One of OpenUEM's strongest features is its native integration with platform-specific package managers. Deploy software from the web console using Winget on Windows, Flatpak/FlatHub on Linux, and Homebrew on macOS. No need for custom packaging or separate deployment tools.

Key Features

  • Hardware and software inventory — Model, memory, disks, printers, network adapters, installed software
  • Remote assistance — VNC, RDP (Gnome/Wayland), and RustDesk integration with TLS encryption
  • Configuration profiles — Automated tasks per OS: packages, registry keys, local users/groups, scripts, MSI packages
  • Windows Update monitoring — Track update status and browse update history
  • Security monitoring — Antivirus status, BitLocker encryption, pending security updates
  • SFTP file management — Browse, download, and upload files to managed endpoints
  • Wake-on-LAN — Remote power-on and scheduled power management
  • Multi-tenancy — Multiple organizations and sites under one installation
  • Identity Provider support — Authelia, Authentik, Keycloak, Zitadel
  • Report generation — PDF and CSV exports for agents, computers, security, and software views

Architecture

OpenUEM is built entirely in Go and follows a modular architecture:

  • Agents — Lightweight processes installed on endpoints that gather system information
  • Agent Workers — Process agent reports and store data in PostgreSQL
  • Console — Web UI built with Echo, HTMX, and Franken UI
  • NATS Server — Message broker for communication between all components
  • Cert-Manager — Built-in Certificate Authority for mutual TLS
  • OCSP Responder — Certificate validation service

Components can run on a single machine or be distributed across multiple servers. Deployment options include native packages (Windows installer, .deb, .rpm) and Docker with docker-compose.

Active Development

OpenUEM is under active development with regular releases. The roadmap includes APT/DNF repository management, Kopia backup integration, VPN support (NetBird, WireGuard, OpenVPN), Android MDM, and Kubernetes deployment via Helm Charts.
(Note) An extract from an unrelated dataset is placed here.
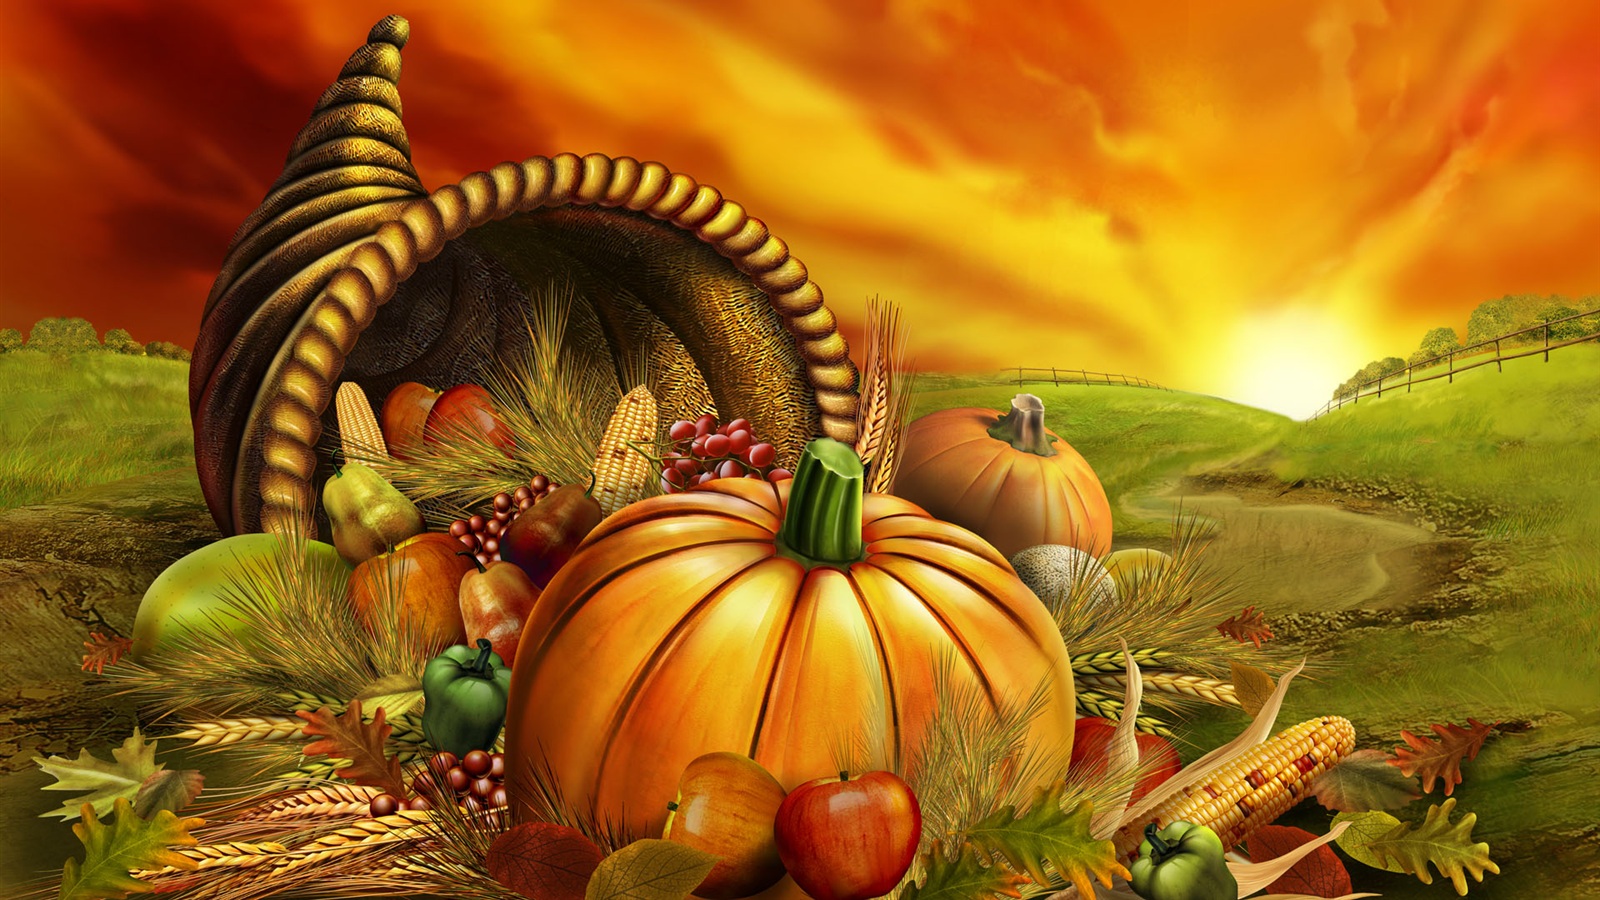 Thanksgiving food Wallpaper 1600x900 resolution wallpaper download

The project has an active community on Discord and the full source code is available on GitHub.

Getting Started

The fastest way to try OpenUEM is via Docker. The documentation provides step-by-step guides for all deployment methods. Installation requires PostgreSQL and the NATS message broker, both of which can be deployed alongside OpenUEM using the provided docker-compose files.